Scott Ferris, of Oklahoma City, Okl., for Bank of Pieher.

Opinion:
KENNAMER, District Judge.
John D. Wineland leased a tract of land in Pieher, Okl., for a term of ten years and erected on it a building, which was used and is being used as a residence for his family and for business purposes. The lease expired. Wineland continued in possession, with the consent of his landlord, under a month to month tenancy. He was adjudged a bankrupt, claimed this property as exempt because it was his homestead, and prosecutes this proceeding to review the referee's ruling, which denied the claim and held the property to be not exempt.
It is assumed there was proof before the referee of some agreement reserving title to the building in Wineland and giving him the right to remove it. Otherwise, under well-settled principles, the building belongs to the landlord (section 8555, Comp. St. Okl. 1921; Shelton v. Jones, 66 Okl. 83, 167 P. 458, L. R. A. 1918A, 830; Scrivner v. Pope, 143 Okl. 246, 289 P. 311), and neither the bankrupt, the trustee or creditors, would have any interest in it.

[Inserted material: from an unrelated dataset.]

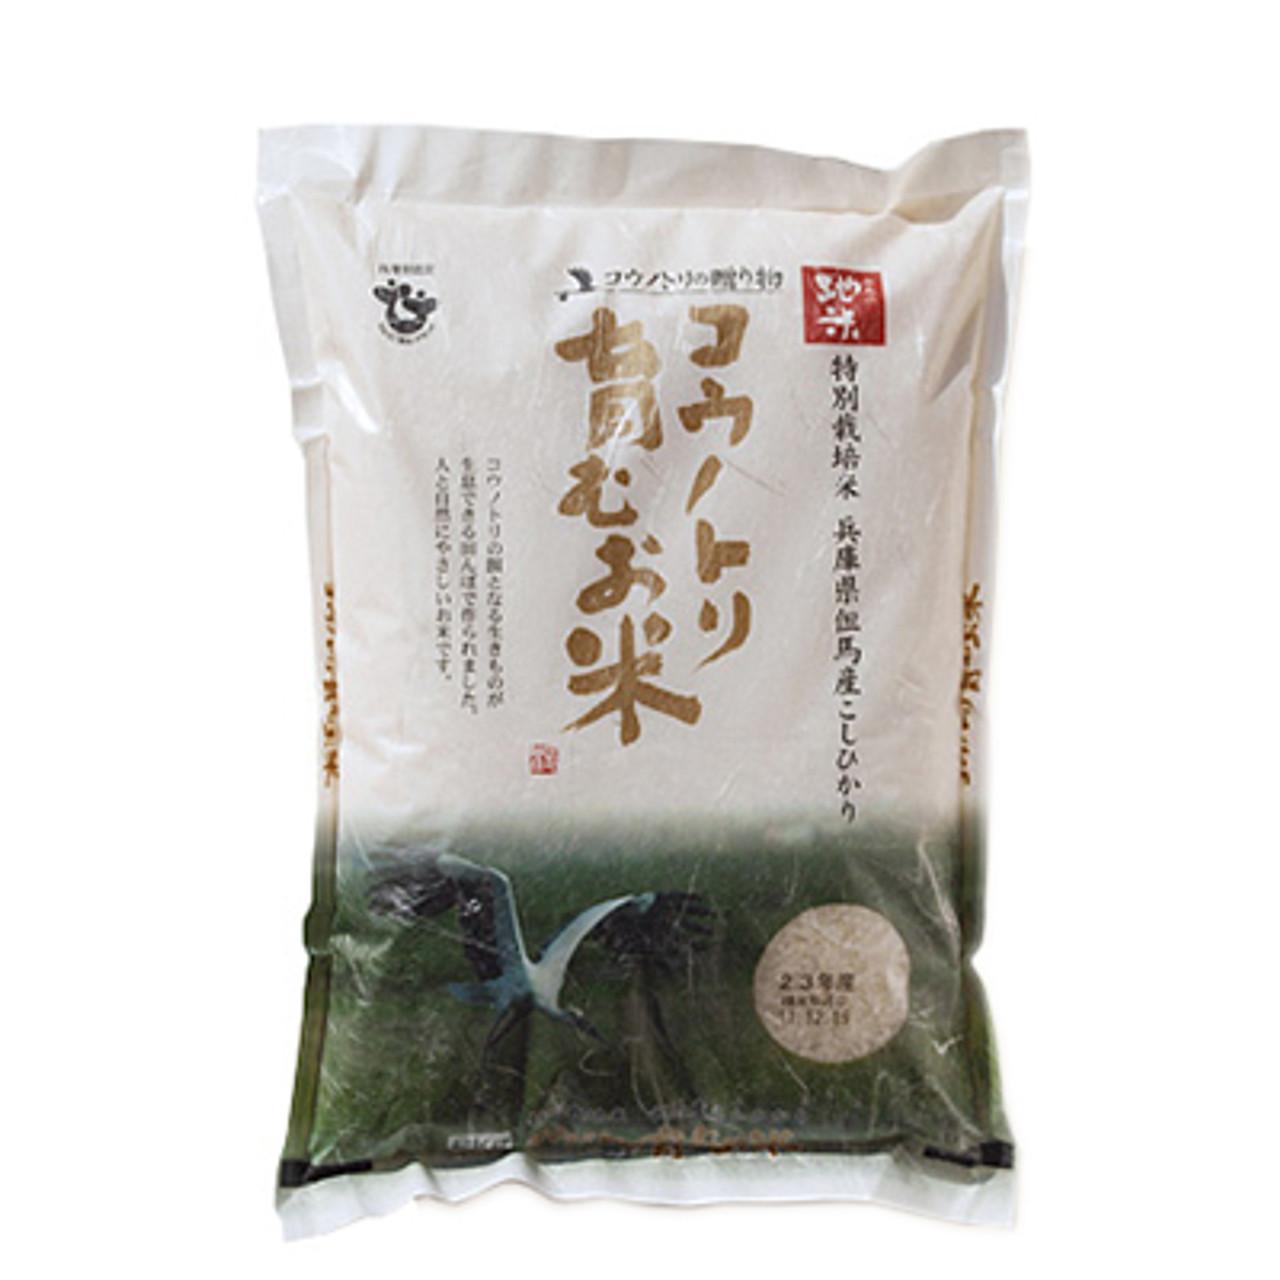 Organic Kounotori Koshihikari Japanese Short Grain White Rice

The claim that this property is exempt as the bankrupt's homestead must be determined by the laws of Oklahoma, the domicile of the bankrupt. 11 USCA § 24; Vought v. Kanne (8 C. C. A.) 10 F.(2d) 747.
Article 12, § 1 and 2, Oklahoma Constitution, and sections 6595 and 6597, Comp. St. Okl. 1921, provide, so far as here material, that, in case the homestead is used for both residence and business purposes, the homestead interest shall not exceed in value the sum of $5,000 (the property here involved is less than $5,000 in value), and the homestead is exempt from forced sale for the payment of debts.
Neither the Constitution nor the statutes attempt to designate or restrict the character of title or interest necessary to support the claim of exemption, nor to define "homestead." The Supreme Court of Oklahoma, however, has said that the word "homestead" has both a popular and a legal meaning which is identical, that it means the residence of the family — the place where the home is— and was used in the Constitution of Oklahoma with that connotation, McCray v. Miller, 78 Okl. 16, 184 P. 781, 186 P. 1089; Preston v. Ottawa County Nat. Bank, 138 Okl. 133, 280 P. 581; has indicated that mere possession, without title, is sufficient to support the homestead right, Zehr v. May, 67 Okl. 97, 169 P. 1077, L. R. A. 1918C, 431, and has squarely held that the homestead right may exist in a lease for a term of years and that ownership in fee is not essential, Miller v. Farmers' State Bank of Temple, 137 Okl. 183, 279 P. 351.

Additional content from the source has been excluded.